In actuality, the Client did not authorize the Fraudulent Transfer, did not have any bank accounts in Luxembourg, and did not send the emails to Dos Reis requesting the transfer.  Rather, it was ELIAS who sent the emails purporting to be from the Client Employee that contained forged wire instructions to Dos Reis.  Further, the Luxembourg Account that received the Fraudulent Transfer was beneficially owned by ELIAS and opened in the name of a company formed in Panama at ELIAS's direction the week prior to the Fraudulent Transfer.  The Panama company used by ELIAS to open the Luxembourg Account contained the name of the Client in order to create the false impression that the Client's funds were being transferred to an account beneficially owned by the Client, when in fact such account was beneficially owned by ELIAS. 

In addition to the scheme to defraud the Firm, ELIAS and Dos Reis also attempted to fraudulently obtain money from accounts at a second financial institution headquartered in Manhattan using the identities of the Client Employee and other members of the Client Employee's family without their authority.
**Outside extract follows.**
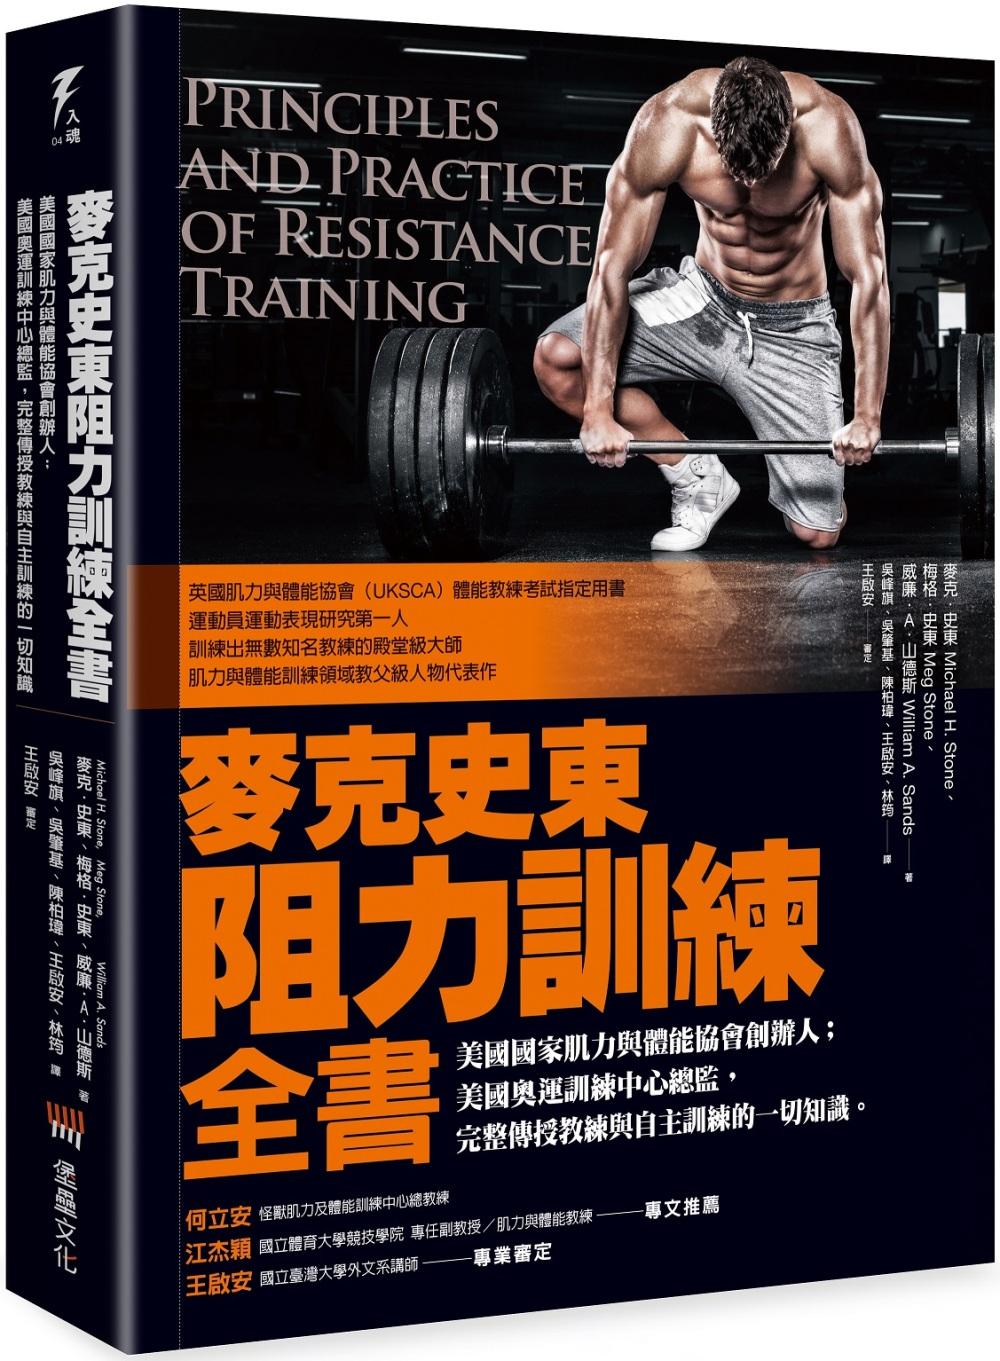 麥克史東阻力訓練全書:美國國家肌力與體能協會創辦人;美國奧運訓練中心總監,完整傳授教練與自主訓練的一切知識

Four Expungements Recommended by FINRA Arbitrator. In the Matter of the Arbitration Between Andrew Russell Kevlahan, Claimant, v. Josephthal & Co., Inc. and Wells Fargo Clearing Services, LLC, Respondents (FINRA Arbitration Decision 18-03548)
http://www.finra.org/sites/default/files/aao_documents/18-03548.pdf
In a FINRA Arbitration Statement of Claim filed in October 2018, associated person Claimant Kevlahan sought the expungement of four occurrences from his Central Registration Depository record. The sole FINRA Arbitrator recommended the expungement of all matters. Of particular interest is the rationale provided for one of the recommended expungements:

The account in question was a non-discretionary account. The client was a sophisticated and experienced investor who refused to take protective losses when the market went down. He also received reduced fees due to his activity levels and friendship with Claimant. Claimant spoke with the customer on a daily basis. The client always received trade confirmations when trades were made, in addition to monthly statements. The customer had losses in his account due to market forces related to the September 11, 2001 attacks on the United States. 

Two securities were listed on the customer complaint. 1000 shares of ARIBA were purchased but only 200 shares traded on the sell order (due to market demand at the requested price). Because the sell order was only partially completed, the customer complained about being charged full commission on the trade, which was subsequently adjusted. The complaint about the commission is deemed to be a contemporaneous acceptance of the buy and sell orders. The rest never sold because the price dropped and the client was unwilling to lower the sales price to avoid losses. Customer sold a naked put on stock ACLN. A few days before the option expired, some unexpected bad news was released about the company, causing the company's stock price to drop. Trading in ACLN's securities was halted. When trading resumed, the customer was forced to purchase the stock to satisfy the option. The client complained about the commission on his transaction, which was adjusted. This request is deemed to be a contemporaneous acceptance of the trade. 

Josephthal compliance investigated the complaint and denied the claim. No further claims were filed by the customer against Claimant after Josephthal denied the initial complaint.